I am trying to use the GEE package in R to fit a GEE model to some clinical trial data. The model fits fine using independent, or exchangeable correlation structures. I'm trying to use an AR-1 structure as follows:
eff.gee.ar <- gee(cluster_severity ~ logtime + cluster + cluster*logtime, corstr = "AR-M", Mv = 1, id = ID, data=ral2)
but this is causing the following error message:
Error in gee(cluster_severity ~ logtime + cluster + cluster * logtime, : VC_GEE_covlag: arg has > MAX_COVLAG rows
The data are sensitive so I cannot share them, but here is the head() view, to give you an idea of how they are arranged. They are sorted so that the cluster (ID) is always contiguous (as instructed in the GEE package). There are ~70k rows to the ral2 data frame.
> head(ral2, n=20) ID WEEK cluster cluster_severity logtime 1 1 0 cluster1 2.0000000 0.000000 2 1 0 cluster2 0.7500000 0.000000 3 1 0 cluster3 1.5000000 0.000000 4 1 0 cluster4 2.3333333 0.000000 5 1 2 cluster1 1.4000000 1.098612 6 1 2 cluster2 0.0000000 1.098612 7 1 2 cluster3 1.0000000 1.098612 8 1 2 cluster4 2.3333333 1.098612 9 1 4 cluster1 0.2000000 1.609438 10 1 4 cluster2 0.0000000 1.609438 11 1 4 cluster3 0.7500000 1.609438 12 1 4 cluster4 3.0000000 1.609438 13 1 6 cluster1 0.4000000 1.945910 14 1 6 cluster2 0.0000000 1.945910 15 1 6 cluster3 0.5000000 1.945910 16 1 6 cluster4 2.0000000 1.945910 17 2 0 cluster1 1.8000000 0.000000 18 2 0 cluster2 0.2500000 0.000000 19 2 0 cluster3 0.7500000 0.000000 20 2 0 cluster4 0.6666667 0.000000
Any advice or illumination regarding this error message would be greatly appreciated. Google only returns 6 results for the error message :(.

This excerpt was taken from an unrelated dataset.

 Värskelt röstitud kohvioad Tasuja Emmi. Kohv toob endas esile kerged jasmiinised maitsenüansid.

My only intuition so far is that the AR-1 structure cannot be fit to individuals for whom there is only one data point (e.g. subjectID == 2 in the above illustration), although for some reason I expected that a GEE would be fine with this missingness.
On a related note, is it true that GEE's are robust to mis-specification of the correlation structure anyway? This seems to be word on the street, but I haven't found citations for/against this view.

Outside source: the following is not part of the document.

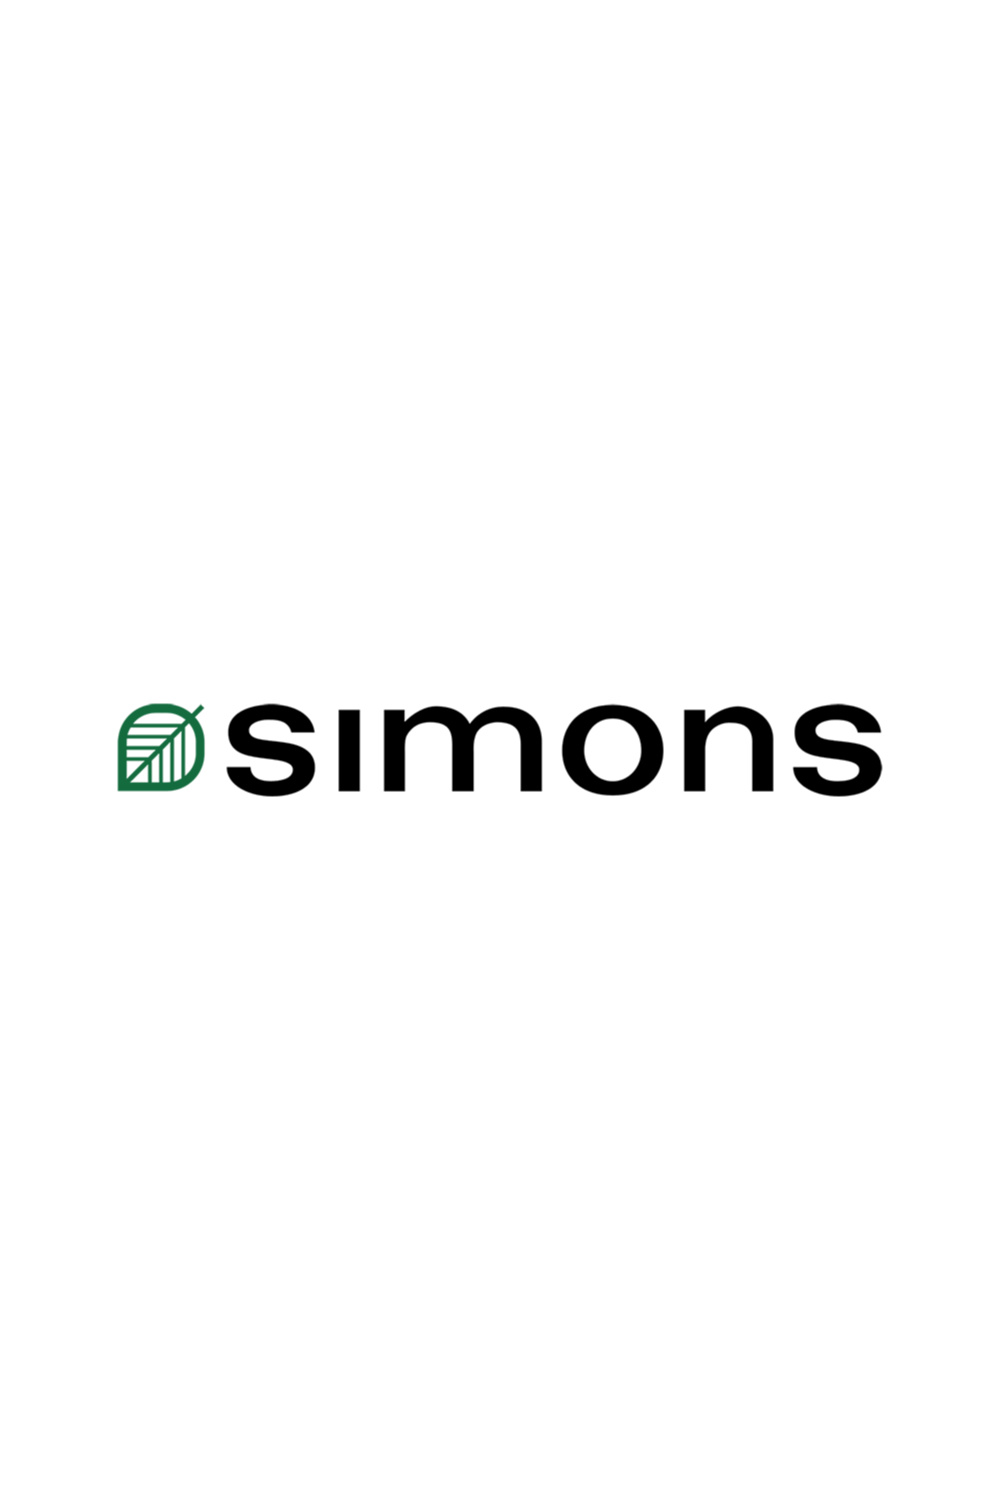 Simons - La Maison Simons

Thanks in advance to any GEE-ers.
Best Answer
Apparently GEEs are a lonely topic in crossvalidated these days 🙁
I think the AR-M structure didn't work because there was high correlation between some of the random effects in the model. I fixed it by trying harder to model the data in a mixed-effects regression framework with an appropriate random effects setup.
I still haven't seen any definitive answer on mis-specification of the correlation structure in GEEs, but in my experience it doesn't seem to affect fixed effects estimates much (usually the same to 3.s.f). Perhaps it is more of an issue in smaller datasets, this one is reasonably large.